La película de Florian Zeller
es astuta en su guion, sobria en la puesta en escena y aparentemente pequeña,
aunque la salpimenten actrices tan solventes, conocidas y queribles como Olivia
Williams y Olivia Colman o especialistas en grimositos como Rufus
Sewell y Mark Gatiss.
Todo eso está muy bien, da a un reparto tan reducido cierto relumbrón. Pero la
gran baza de la película es Sir Anthony Hopkins, haciendo del padre, un papel que
se diría fácil y lucido, de piloto automático para un actor que ha alcanzado ese Olimpo
en el que le basta casi con estar en plano para ser cualquier cosa.
Lo que queda dicho de Hopkins y
otras muchas verdades rutinarias de su solvencia en el oficio (esa ductilidad
camaleónica, esa naturalidad para cambiar de aspecto y hasta de edad, las
sonrisas inquietantes, etc.), valen también en esta ocasión.

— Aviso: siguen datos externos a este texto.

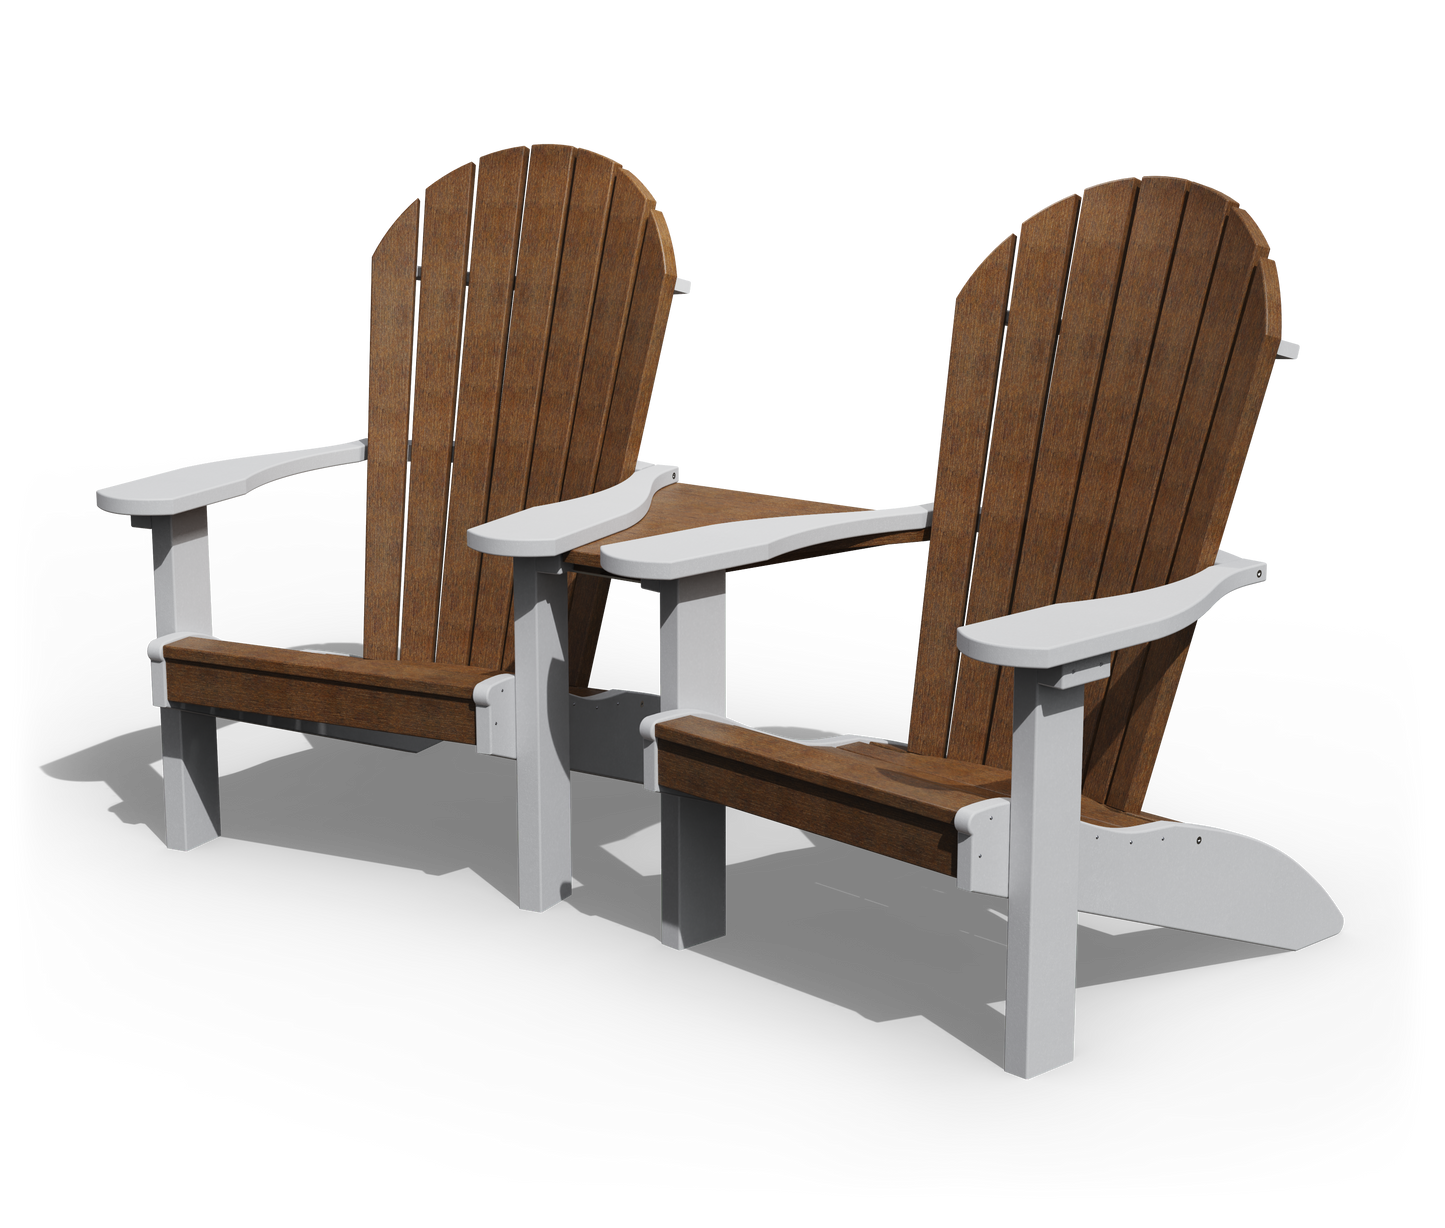 Patiova Recycled Plastic Adirondack Chair Centerpiece (CHAIRS SOLD SEPARATELY) - LEAD TIME TO SHIP 3 WEEKS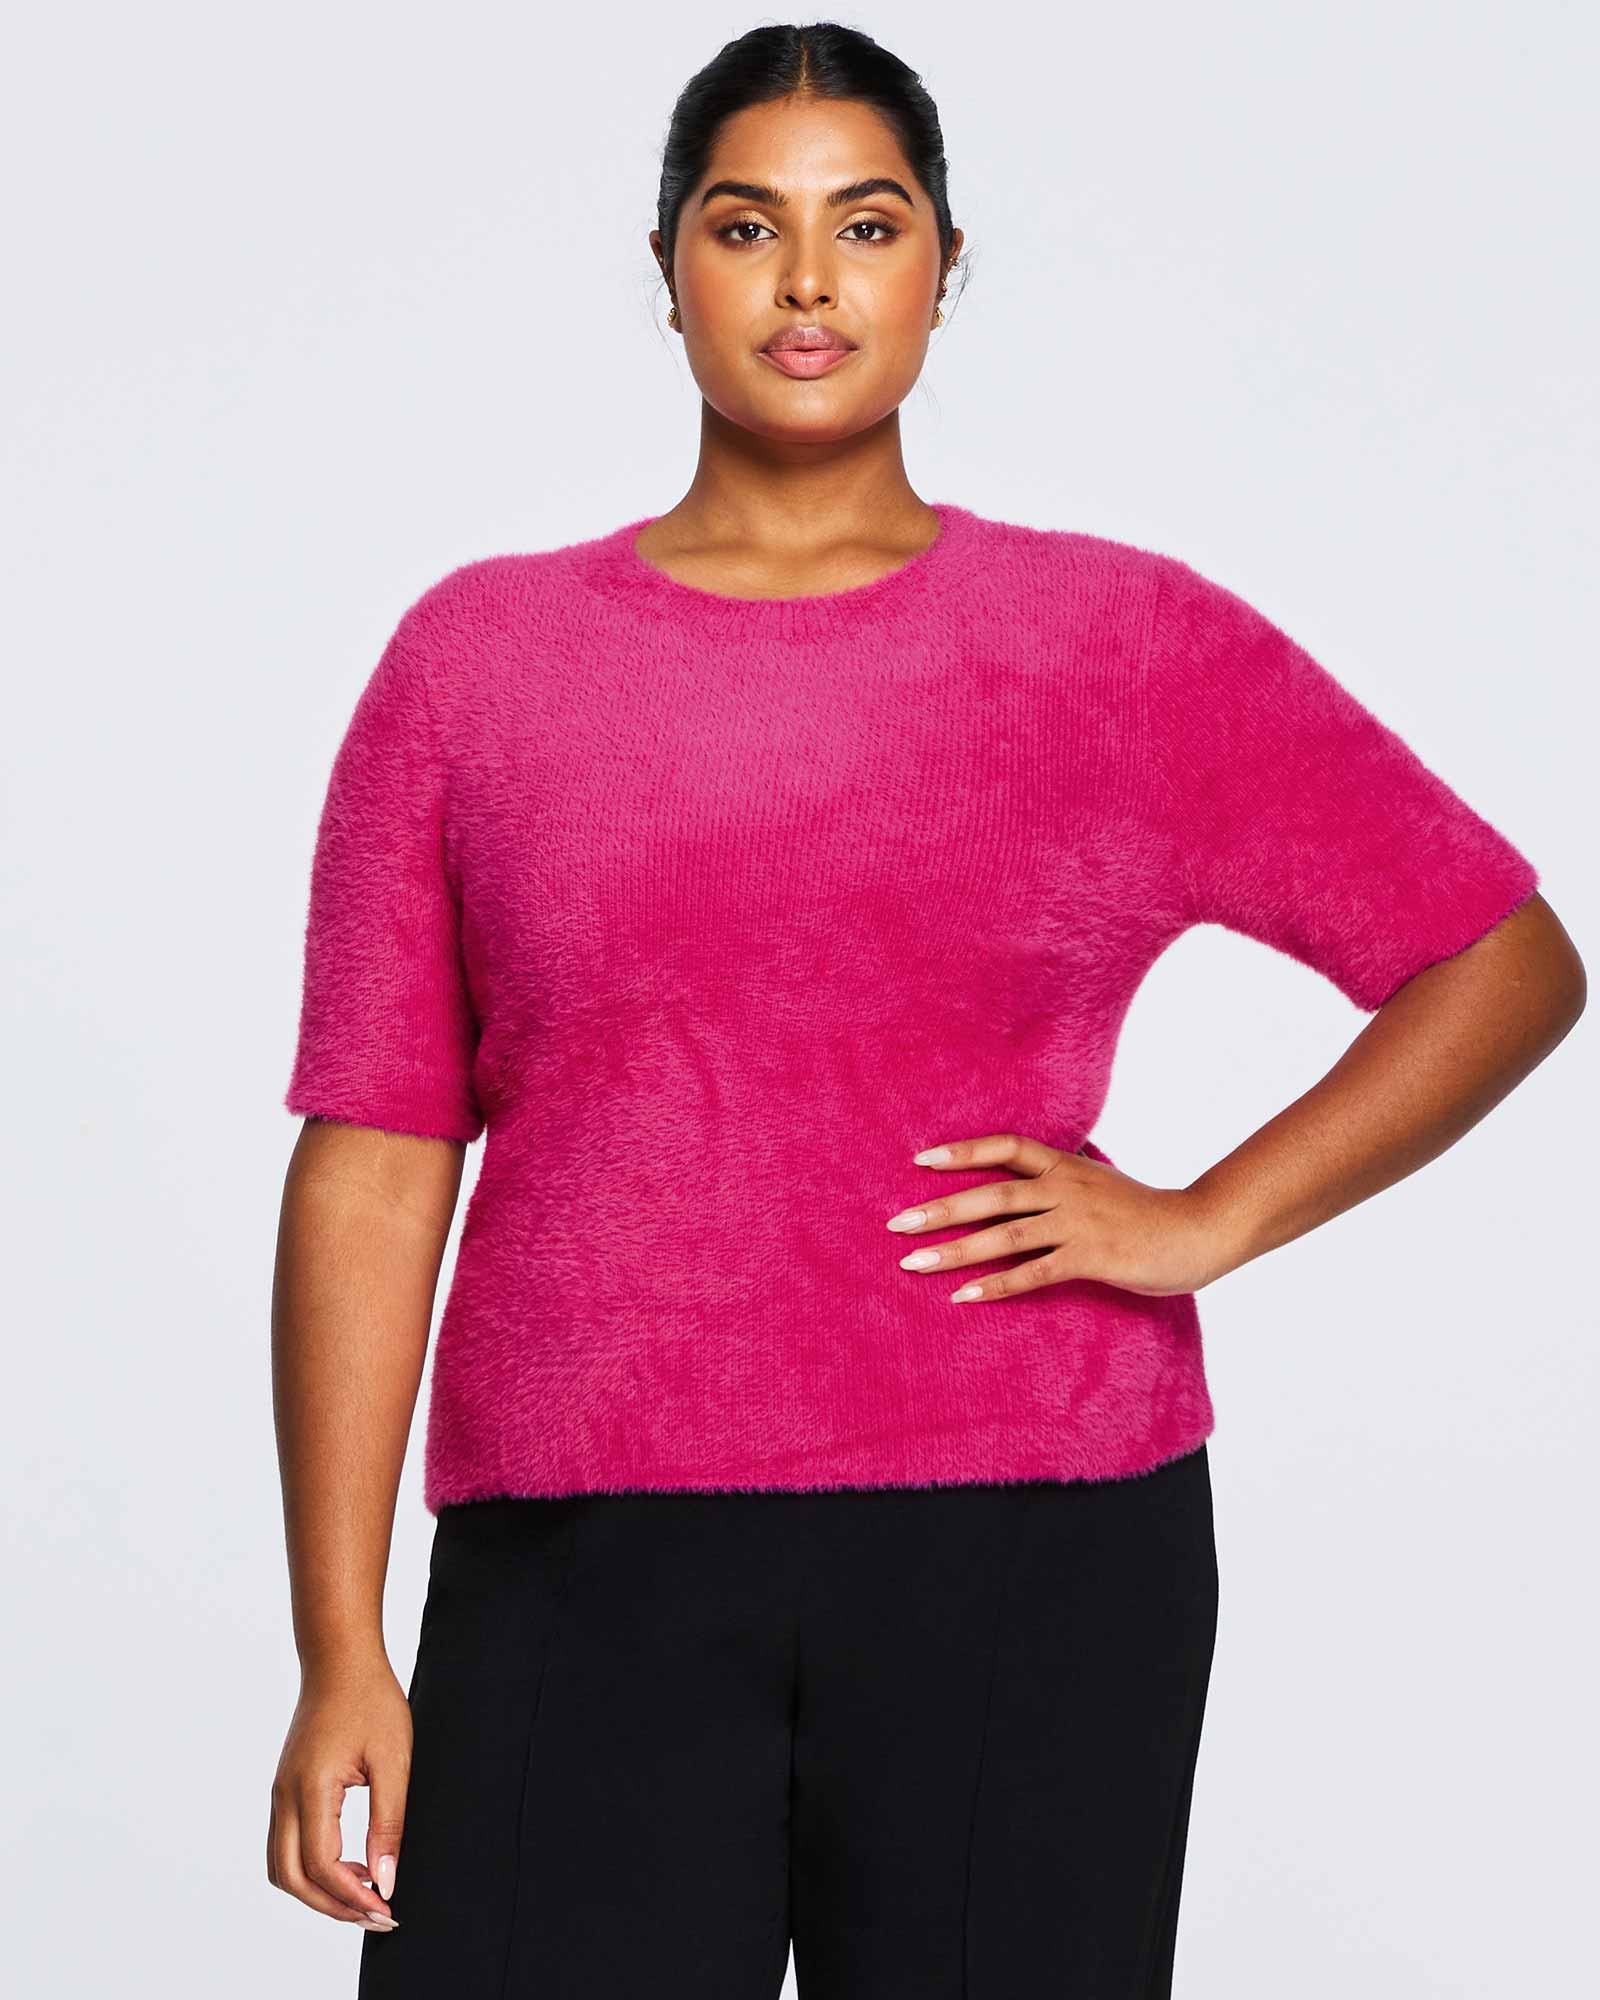 A plus-size woman wearing a Nora Fuzzy Pink Short Sleeved Sweater.

Pero se quedan
cortas si tienes un caso próximo en la familia, en edad avanzada, con constitución
robusta y mente indefensa, alguien que padezca alzheimer.
La mirada de Hopkins cuando no
habla y solo mira las cosas que ya no reconoce o no entiende, sus cabezonerías e
irritaciones, su miedo y su impiedad, hasta su gesto dormido son prodigiosa y
dolorosamente ciertos. Es un trabajo de composición en un laberinto mental
puesto ante nuestros ojos, para que nos ofusquemos en él y entendamos, si ello
es posible, la soberana putada de esta enfermedad incurable, la verdadera plaga
abatiéndose sobre los padres del siglo XXI.